The effect of pre-cooling or per-cooling in athletes with a spinal cord injury: A systematic review and meta-analysis.

OBJECTIVES: For individuals with a spinal cord injury, thermoregulatory challenges presented by the environment are amplified, increasing the risk of exertional heat illness.

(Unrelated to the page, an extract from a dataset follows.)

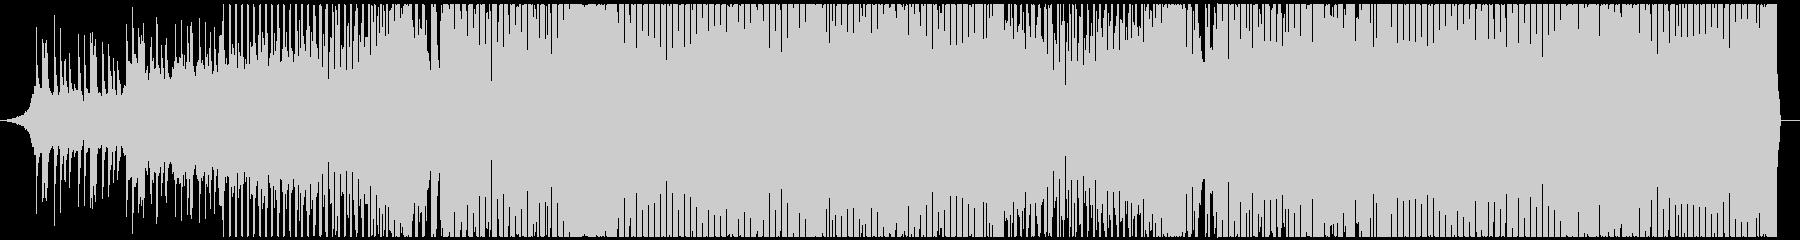 ノリノリ・エレクトロ・ハウス系の未再生の波形

Thus, this systematic review and meta-analysis aims to quantify the effects of pre- and per-cooling on core temperature (Tc), skin temperature (Tsk) and thermal sensation in participants with spinal cord injury and assess the influence of lesion level on the effects of cooling. DESIGN: Systematic review with meta-analysis. METHODS: Out of 2107 potential studies, 17 were identified via the inclusion criteria for a total of 145 research participants. A total of 12 studies were included in the primary analysis of Tc; 9 included in the analysis of Tsk; and 9 included in the analysis of thermal perceptions. 15 experimental conditions were included in the secondary analysis of lesion level on the effects of cooling. RESULTS: Cooling reduced Tc (Hedges' g = 0.44; 95% confidence intervals 0.16, 0.72; p < 0.001), Tsk (Hedges' g = 1.11; 95% confidence intervals 0.56, 1.66; p < 0.002) and thermal sensation (Hedges' g = 0.60; 95% confidence intervals 0.27, 0.93; p < 0.001). Subgroup analysis revealed pre-cooling (Hedges' g = 0.92), reduced Tc to a greater extent than per-cooling (Hedges' g = 0.25; p = 0.020). The effect of lesion level on the effectiveness of cooling on Tc had a moderate, positive association (r = 0.518, p = 0.048). CONCLUSION: Pre-cooling may reduce Tc to a greater extent than per-cooling during subsequent exercise. Pre- and per-cooling can attenuate the increase in thermal strain in athletes with a spinal cord injury. The beneficial effects of cooling are greater in tetraplegic individuals.